Chanchai, the Muay Tuay trainer, has visited South Korea to learn about how Taekwondo is officially managed by South Korea. 

Bureaucracy at home has long been an obstacle to elevating Thai kick boxing’s status at an international level, he said. 

In principle, the National Soft Power Strategy Committee was established to do away with red tape. 

Helmed by Paetongtarn Shinawatra, the leader of the ruling Pheu Thai party, the government set up the body to improve laws and regulations and support soft-power initiatives, officials said.

The committee has asked for budget of 5.1 billion baht (U.S. $143 million) to spend in efforts to promote Thailand in 11 areas: Food, sports, festivals, tourism, music, literature, films, gaming, arts, design, and fashion.

Pheu Thai Party leader Paetongtarn Shinawatra, the daughter of former Thai Prime Minister Thaksin Shinawatra, reacts after giving a speech at the party headquarters in Bangkok, Oct. 27, 2023. [AP]

Some of the recent initiatives include providing a budget for Thai film producers to take part in international film festivals; the elimination of censorship rules on Thai films to encourage creativity; a plan to issue a special 90-day visa for foreigners who want to attend a Thai boxing class in Thailand; a showcase of Thai books at international book fairs; and a budget to organize the nationwide Songkran Water Festival in April.

The policy’s broader aim is to create 20 million creative industry jobs by 2027, which would generate a minimum income of 4 trillion baht (U.S. $112 billion) annually, said Paetongtarn during the committee’s first meeting in October.

Thai chef Chumpol Jangprai, a committee member who helms a Michelin-star restaurant in Bangkok, said in December the government planned to train “a chef in every village,” starting with 10,000 in 2024 and another 75,000 over the following four years.

In the future, soft power initiatives will be governed by the Thailand Creative Content Agency, which will be set up to mirror the Korea Creative Content Agency, said Paetongtarn in November.

Art of subtle persuasion

Thai film critic Kong Rithdee applauded the government’s effort to support culture and the creative industries. 
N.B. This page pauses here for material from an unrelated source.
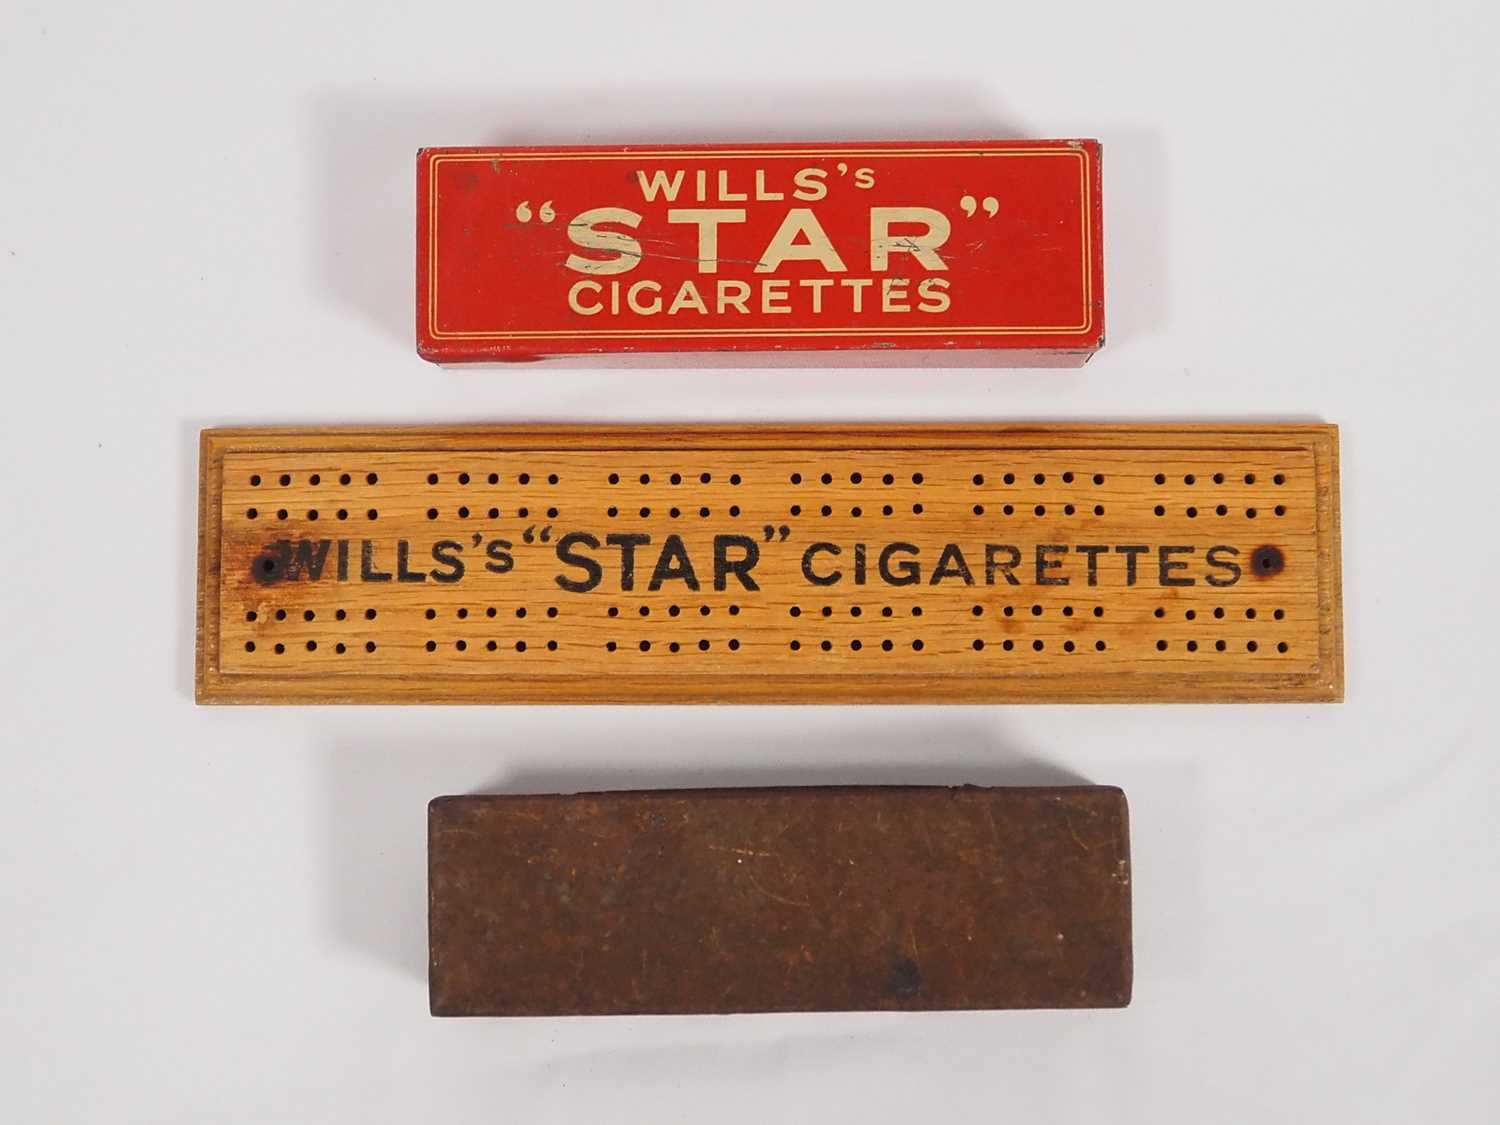 Two sets of Dominoes and scoring board. Will's Woodbine and Will's 'Star' Cigarettes (possibly

“It is a good sign. These things take time and commitment before they reach fruition. It doesn’t matter if the policy is called soft power, creative economy or cultural export, the thrust of it is to support those in the cultural sector,” he said.
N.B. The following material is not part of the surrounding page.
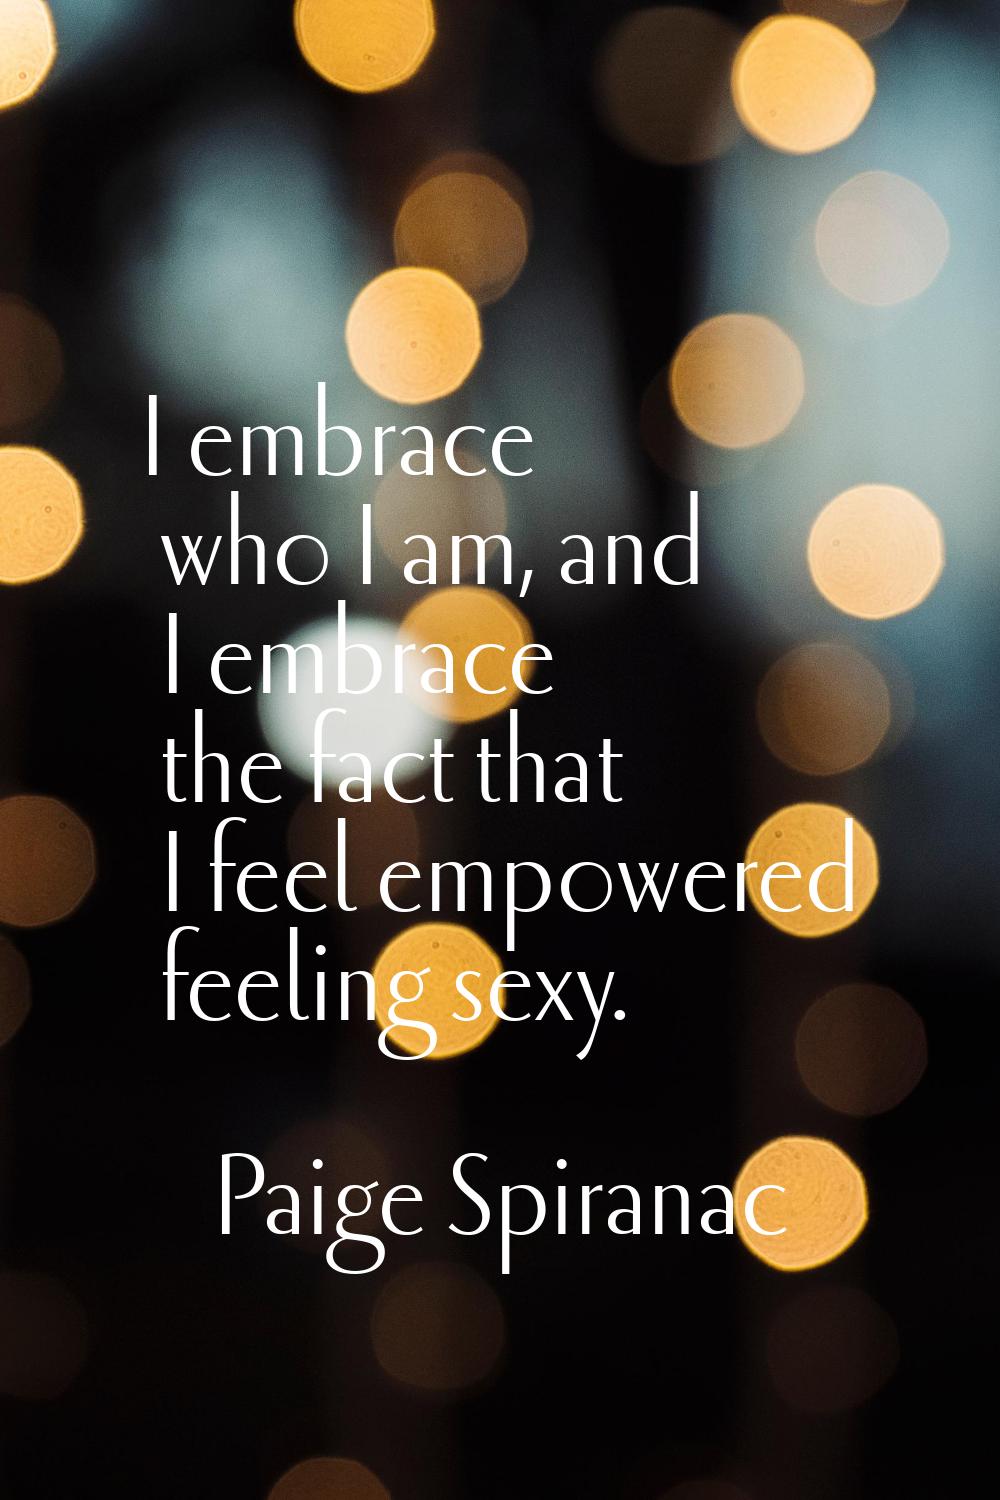 I embrace who I am, and I embrace the fact that I feel empowered feeling sexy.

Despite the government’s lofty intentions, other observers have offered a more cautious assessment of the plan.

“The budget of 5.1 billion baht is only a minor sum. If you want an international-level outcome, you cannot invest on a national-level scale,” said Thamrongsak Petchlertanan, an associate professor of political science at Rangsit University in Pathum Thani. 
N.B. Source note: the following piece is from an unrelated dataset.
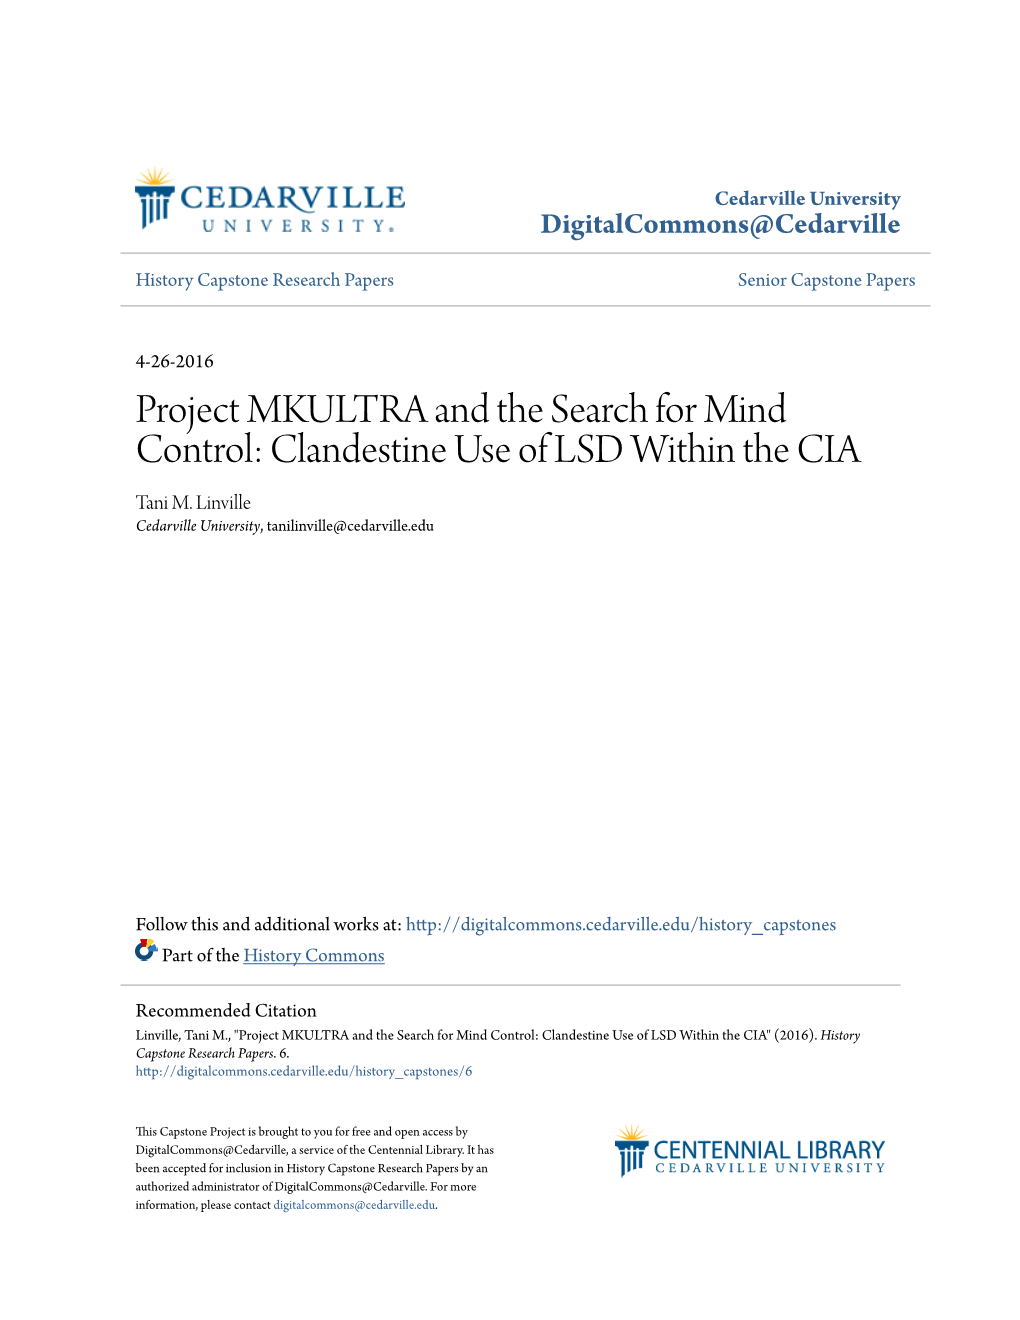 Project MKULTRA and the Search for Mind Control: Clandestine Use Of

“If you look at how South Korea’s K-Pop [industry] has been built, it requires heavy and continuous investment.”

Thamrongsak doubted the campaign would have much impact globally, but “it could affect the domestic market, which also means the popularity of the Pheu Thai-led government.”

People take part in mass water fights during the first day of Songkran, or Thai New Year, on Khao San Road in Bangkok on April 13, 2023. Thailand has allocated a budget to promote the annual festival under its soft-power campaign. [AFP]

Mark S. Cogan, an associate professor of Peace and Conflict Studies at Japan’s Kansai Gaidai University, said the committee being run by Paetongtarn was a vehicle for her to “burnish her credentials ahead of a potential move toward a Cabinet position or a later bid for higher office.”

But he said soft power worked best when it was quiet, not loud.

“Soft power is often subtle and grows not necessarily because of something a government does, but through the values and culture of its people,” he said. “[It is] the ability to attract based on the legitimacy of one’s own values. So no one would go around saying, ‘Hey, look how attractive we are!’”

“Muay Thai is obviously attractive, and it should be promoted, but saying it should be promoted as soft power is awkward. All you have to do is promote it. That’s it.”

This story was updated to correct the title of Dr Surapong Suebwonglee, who is a committee member but no longer deputy prime minister. An earlier version said the committee had been given a 5.1 billion baht budget. It has requested the sum, but it has not yet been approved.